To be clear, here is what is making CHAOSP possible

- RattlesnakeOS (https://github.com/dan-v/rattlesnakeos-stack) and particularly the build template (https://github.com/dan-v/rattlesnakeos-stack/blob/10.0/templates/build_template.go). This is maybe not the best thing to start from this project (which goal is to build AOSP on AWS) and hack it to be able to build AOSP locally. But it's working right now. A solution would be to approach https://github.com/hashbang/aosp-build for example. - android-prepare-vendor (https://github.com/anestisb/android-prepare-vendor). This project is already used by RattlesnakeOS. Its goal is to recover the missing software pieces (some drivers and stuff are not open-sourced on our Nexus/Pixel devices) from the Google factory images, to be able to boot a fonctional device. For each device, there is a config file which reference the missing binary blobs to extract from the images and to add to the build RattlesnakeOS/CHAOSP tree. These files are different between major Android versions (they're talking in API version number here), so the config files need to be updated to follow devices updates. During many months, Android 10/Q/API29 was missing from these config files, causing delay to RattlesnakeOS and thus CHAOSP, to migrate to Android 10. Last point: for each device and each API version, there are 2 different set of files. The "naked" configuration which is the "minimal" set of binary blobs to have a functional device, and the "full" configuration which is more complete but necessary if you want to add the Google Apps. And, for now, only the "naked" configurations are available, preventing us to add Google Apps to our build. - OpenGapps (https://opengapps.org/ and https://github.com/opengapps/aosp_build). This project is needed if you want to add Google Apps to your AOSP build. This project was also lacking behind Android 10 but it now seems to be updated, at least for the minimal packages (nano and pico). But it's not possible to use it right now since we're missing the android-prepare-vendor "full" configuration for API29 for the different devices. - Magisk (https://github.com/topjohnwu/Magisk) to make our device rooted. This project is always up-to-date thanks to @topjohnwu. He supports Android 10 since the different public preview of Q. So clearly not blocking here ;)

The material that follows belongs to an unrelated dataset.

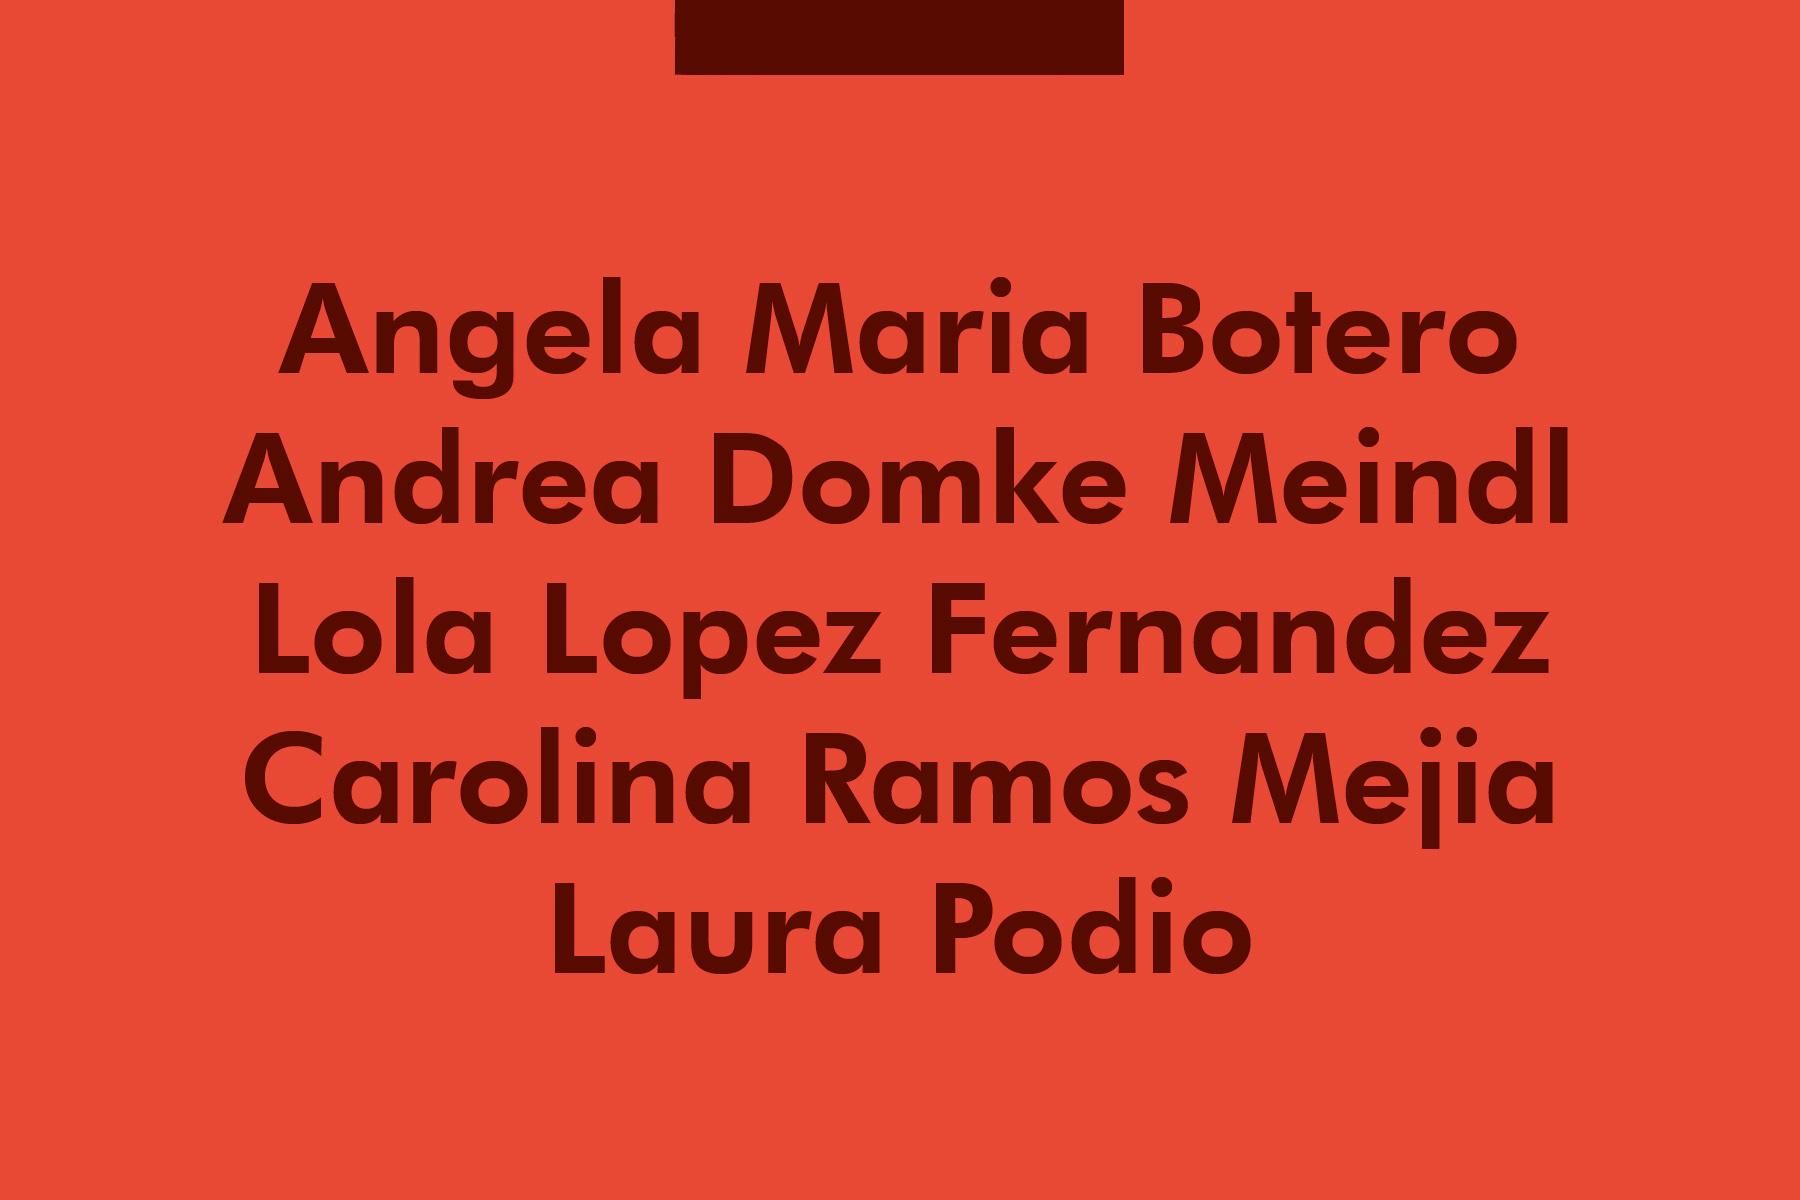 Ibero-American Artists

Right now, we're missing the "full" configuration from android-prepare-vendor, for API 29 (Android 10), for the different devices. We won't have Google Apps without this. The rest (Android 10, Magisk) is nearly fine. I could use the help of @typeproto187 here since he managed to create the "full" configuration for taimen on API 29.

Here are the big changes in Android 10 which are making our lives more difficult:

- dynamic partitions (https://source.android.com/devices/tech/ota/dynamic_partitions) which implicates... - ...userland fastboot (https://source.android.com/devices/bootloader/fastbootd) which implicates... - ...boot control HAL (https://source.android.com/devices/tech/ota/ab/ab_implement#bootcontrol) - modifications (again!) to system-as-root, particularly the [boot ramdisk](https://source.android.com/devices/bootloader/system-as-root#ramdisk) and the [partition layout](https://source.android.com/devices/bootloader/system-as-root#partition-layouts-abdevices)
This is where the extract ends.